**What is being asked:**
Return exactly the lines of the records below, starting at the line that contains "You already know they make the best pedals." and ending at the line that contains "#zvex #zvexeffects #pedal", with both of those lines kept.

[[ Data for this task open ]]

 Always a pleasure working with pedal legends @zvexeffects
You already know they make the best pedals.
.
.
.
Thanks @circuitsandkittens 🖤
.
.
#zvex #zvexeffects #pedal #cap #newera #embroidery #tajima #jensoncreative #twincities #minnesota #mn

[[ Data for this task closed ]]
[[ Data for this task open ]]

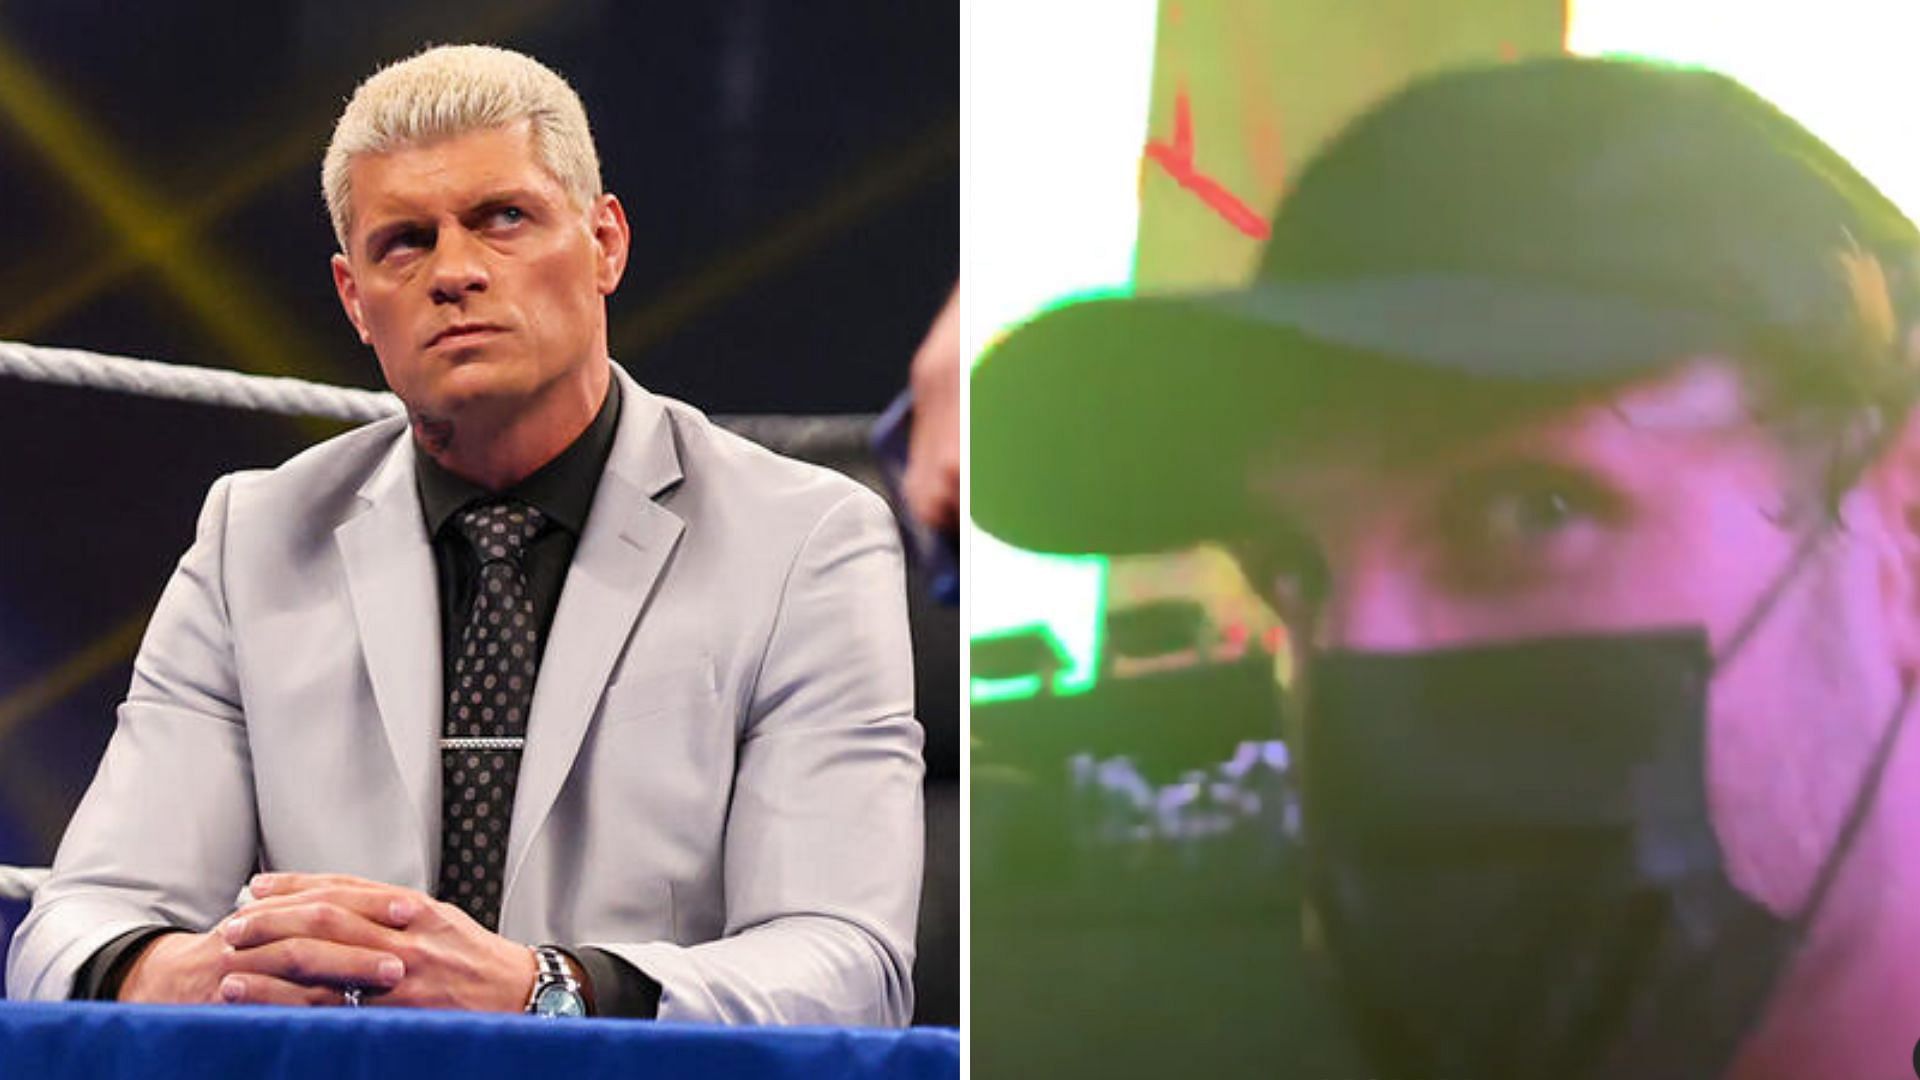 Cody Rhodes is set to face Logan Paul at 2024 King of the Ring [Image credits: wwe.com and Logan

[[ Data for this task closed ]]
[[ Data for this task open ]]

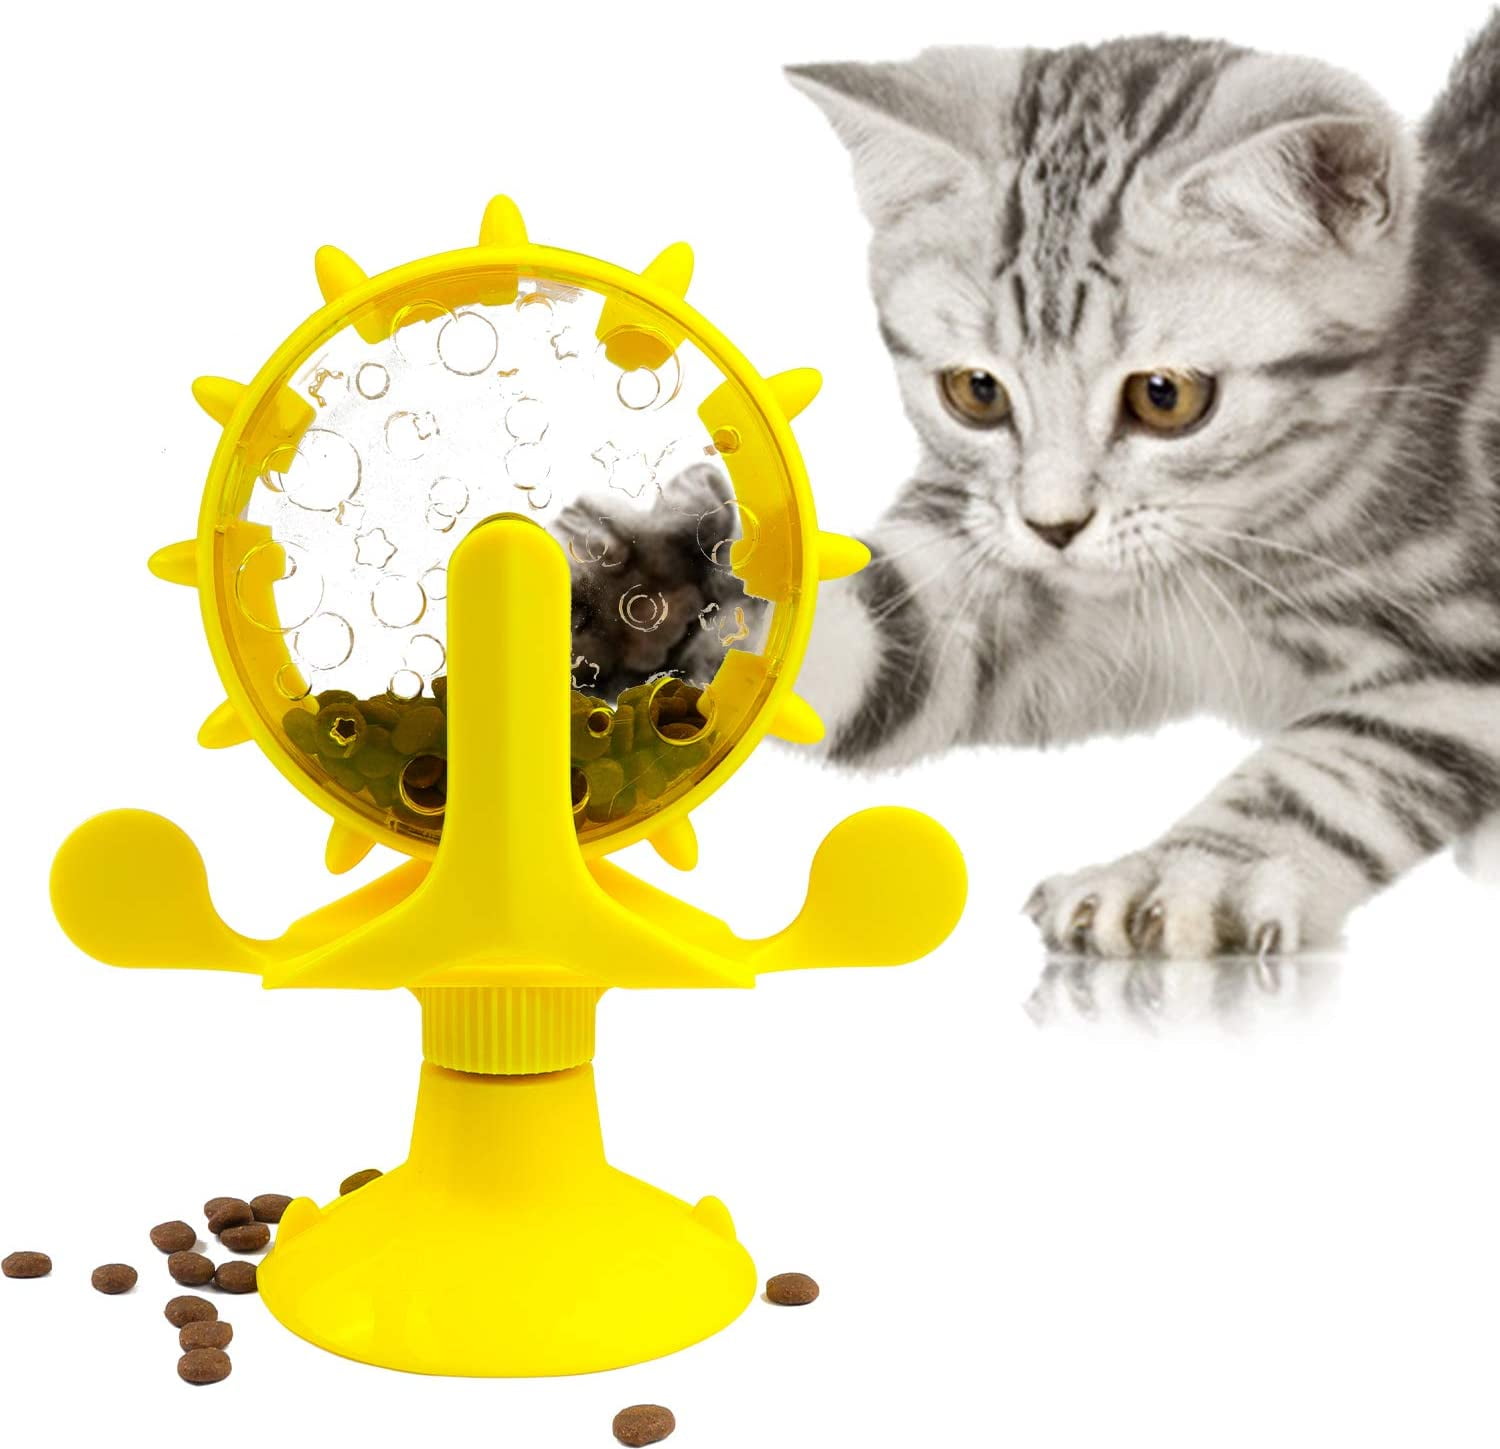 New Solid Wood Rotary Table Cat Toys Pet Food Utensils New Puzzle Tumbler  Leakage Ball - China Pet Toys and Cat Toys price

[[ Data for this task closed ]]

**Your solution:**
You already know they make the best pedals.
.
.
.
Thanks @circuitsandkittens 🖤
.
.
#zvex #zvexeffects #pedal #cap #newera #embroidery #tajima #jensoncreative #twincities #minnesota #mn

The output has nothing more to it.